FCA proposes cost of credit cap in rent to own sector
The Financial Conduct Authority (FCA) has proposed a price cap in the rent to own (RTO) sector for domestic goods. The cap, which follows a successful similar scheme introduced in the payday lending sector, will come into force on 1st April 2019 and will restrict credit charges to no more than the price of the product itself.
Under the new measures, RTO firms will also be required to benchmark the cost of their products against the market when setting prices and will also be required to provide a two day cooling off period for extended warranties.
The FCA believes the RTO customers are some of the most financially vulnerable in society.
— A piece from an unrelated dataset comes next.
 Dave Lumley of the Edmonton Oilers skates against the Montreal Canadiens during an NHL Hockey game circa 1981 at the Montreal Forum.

The regulator has estimated that the cap could save around 400,000 consumers up to £22.7m a year.
Announcing the new measures, Andrew Bailey, Chief Executive of the Financial Conduct Authority said “Today’s measures are designed to bring down very high prices in the rent-to-own sector, which is used by some of the most financially vulnerable in our society. A cap will prevent firms charging over the odds for essential everyday items like cookers or washing machines. We believe a cap is the only intervention that will effectively tackle the highest prices.”
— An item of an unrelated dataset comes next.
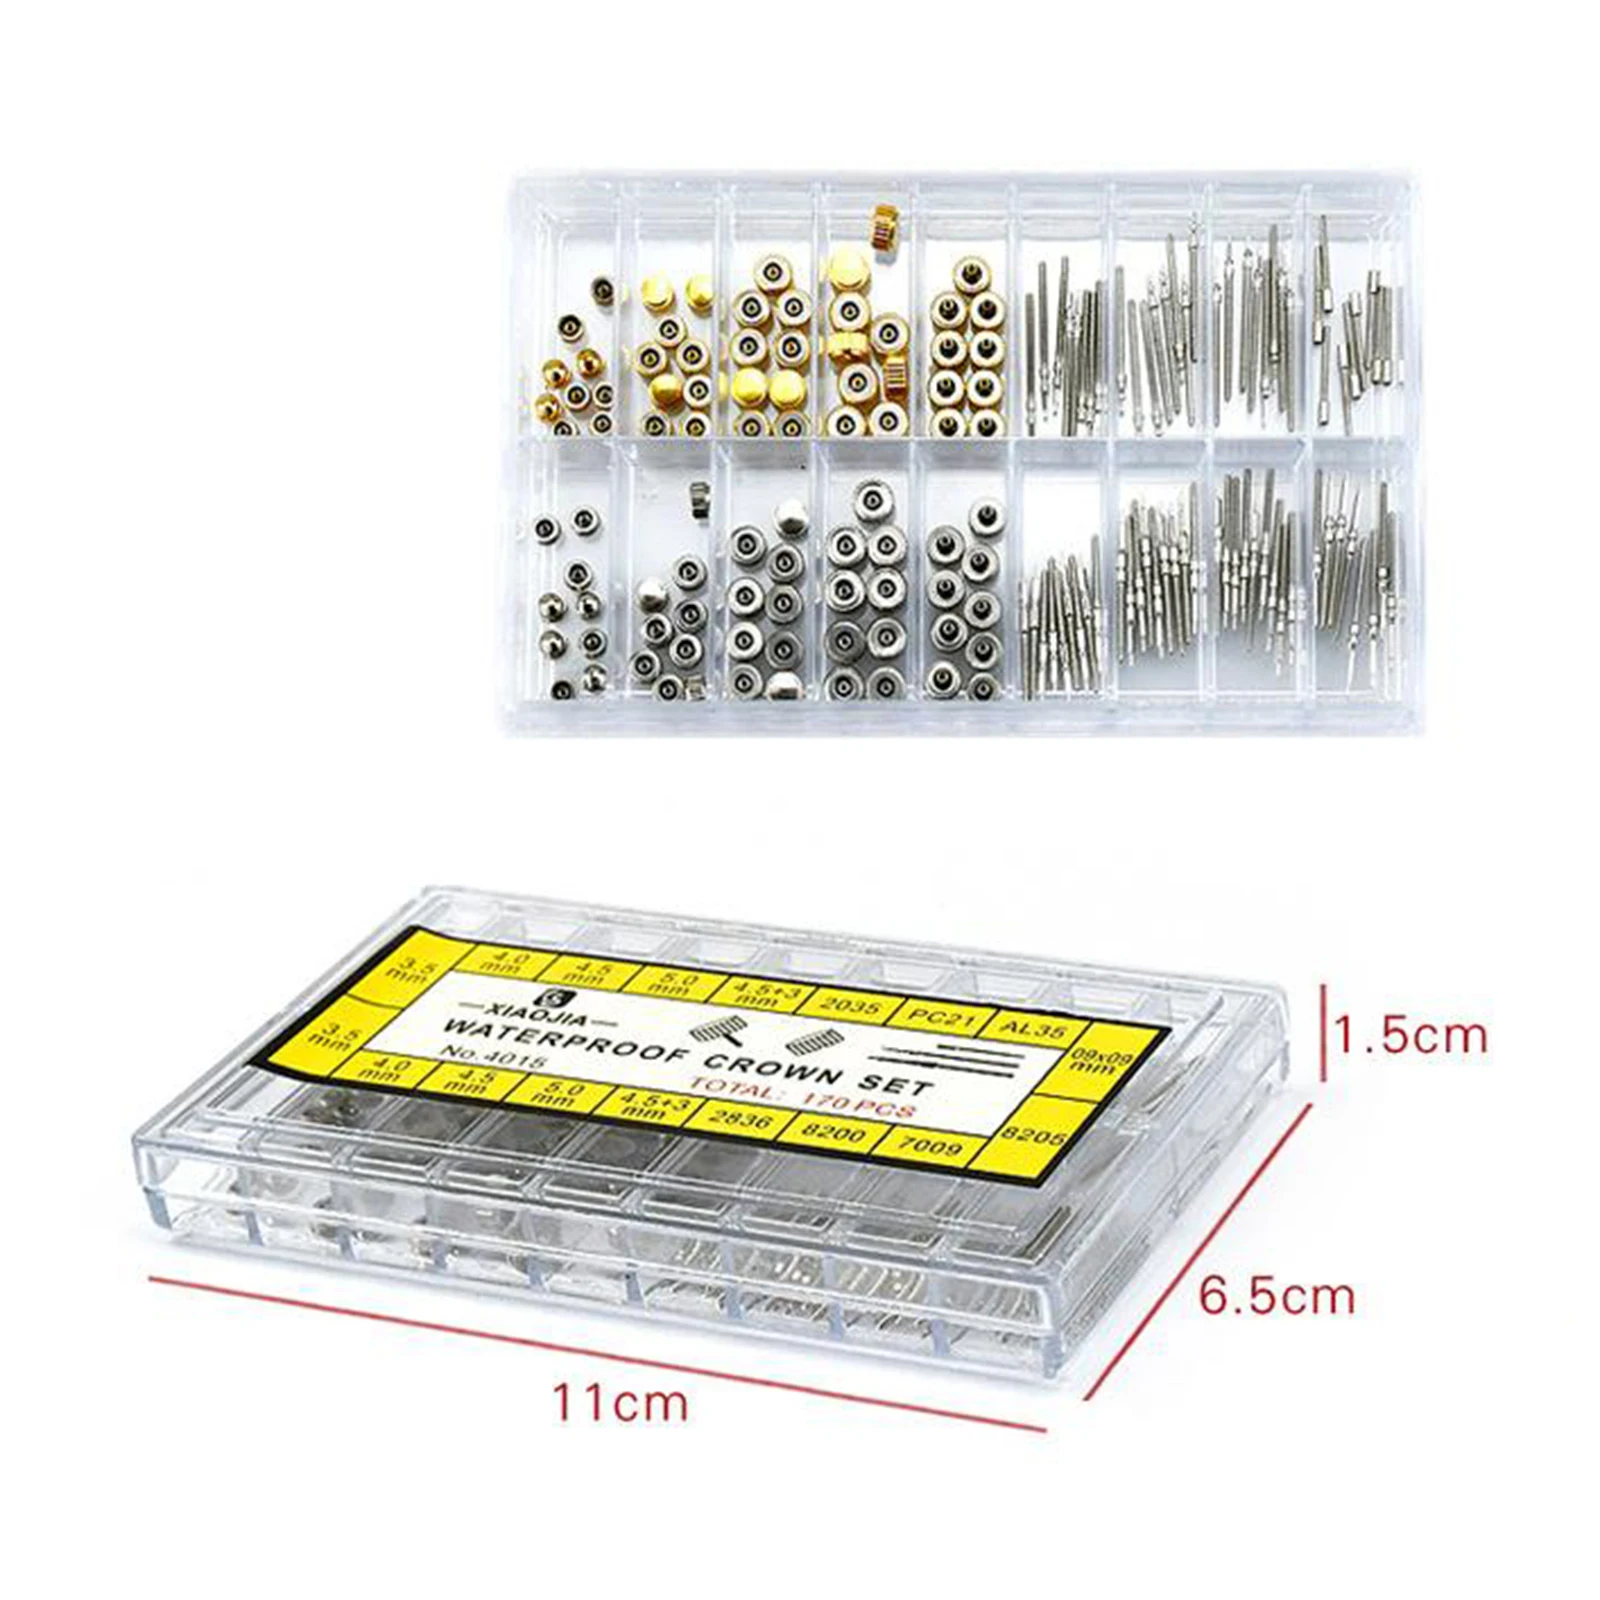 Waterproof Stainless Steel Watch Crown Link Pins Spring Bar Set Replaces for Watchmakers

Responding to the proposals, David Rodger, Chief Executive of Debt Advice Foundation said ‘We welcome this long overdue intervention, which will undoubtedly help some of society’s most vulnerable people. The proposed cap directly tackles the key issue of financial detriment caused by these morally indefensible mark-ups. However, the FCA has acknowledged that significant challenges remain regarding the provision of adequate alternatives to the RTO sector as well as access to affordable main stream credit for many people on low incomes.”